I've played with the laketroller on my revo 11 for a few trips. I find if I mount it in my Scotty sockets just in front of the rudder up/down controls, winding it up is hard on my shoulder. This might be why I've seen people put a Scotty mount in their side pockets of their rev, so it's closer. Mine came second hand with the wire replaced with 100 lb mono so I've taken to gathering the line up into my lap when I need to get the bomb. Lord knows what'll happen if I ever hook something big with it though.


----------



## kayakone (Dec 7, 2010)

I'm sure that Grant uses an Alvey (found that out after buying a Scotty from a forum member). Cannot offer any experience (never used it), but if the master uses an Alvey. 'Nuff said.

He replaced the wire with something, also for safety reasons. Grant: Are you still hooked up to a marlin?...........


----------



## MrX (Feb 7, 2008)

I downrig a lot, and it's a PITA.

The DIY scottalvey is the best system I can find for a yak, by far.

_"Do they work ok?"_

Depends on what you want to use it for. Great for trolling a livey for the bigger kings lurking mid-water.

_"Is there a better way of doing things?"_

Not if you want to keep your bait down deep while you're moving around trying to find the fish.

If you are just drifting, a heavy breakaway sinker is better.

I use a rubber band wrapped around the mainline (10 loop dropper), to quickly change from downrigger (trolling) to breakaway sinker (for drifting).

The rubber band stays on the mainline (even for multiple trips) until a fish snaps it.

_"I've seen issues relating to the brake. Is this a real PITA?"_

Yes. Remove the scottie spool, and cut off the bolt. The best alvey is the small "trolling" reel (not a sidecaster) with a one-way drag and loud clicker - they only cost 50 bucks, and are bullet proof. Waayyyy better than the basic scottie spool. Set your drag once to hold the weight of your bomb, and your done. Allows for one handed operation, with no risk of dropping the bomb. Also safer on snagging the bomb, or getting it tangled on a fish (or a stupid marlin grabbing it - Grant style).

_"Any better ideas?"_

Some ideas:

- definitely replace the wire with braid.
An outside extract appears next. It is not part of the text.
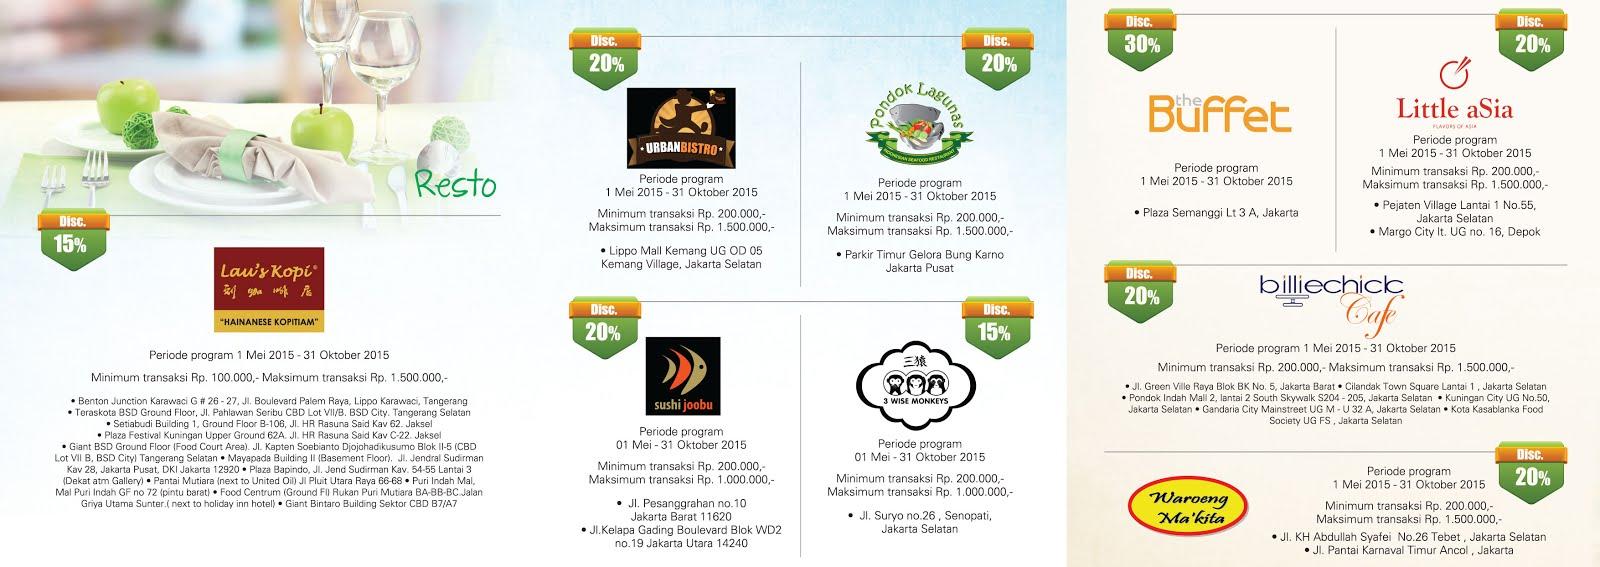 Promo Kuliner Hasanah Card

No need for thick 100lb - it only has to hold the weight of the bomb (and sometimes a fish). 50lb is plenty - and thinner, so less drag.

- Use a meter of mono shock leader near the bomb - easier to handle.

- Use thick mono off the bomb, to a snap swivel. Better than the wire and clip from "off the shelf".

- Use a rubber band (looped over to the snap swivel) instead of a clip.

- Small bomb - 2 to 3lb.

- Don't do it (unless you're really keen)


----------



## MrX (Feb 7, 2008)

http://alvey.com.au/products/456be/

Polymorph is great for making a solid layer between the reel and to the scotty base. (but polymorph is good for anything DIY)


----------



## MrX (Feb 7, 2008)

G'day Jon. Try this mate:



















You need:
- scottie laketroller
- alvey boat reel
- 4 heavy duty cable ties
- thin piece of pool noodle (or any foam cut to shape)
- polymorph and superglue (not essential, but helps a solid finish)

Tools:
- Angle grinder
- Drill

Cut the pin off the base with an angle grinder.

Pull the alvey apart.

Drill 4 holes in the back of the alvey, and 4 holes in the scottie base.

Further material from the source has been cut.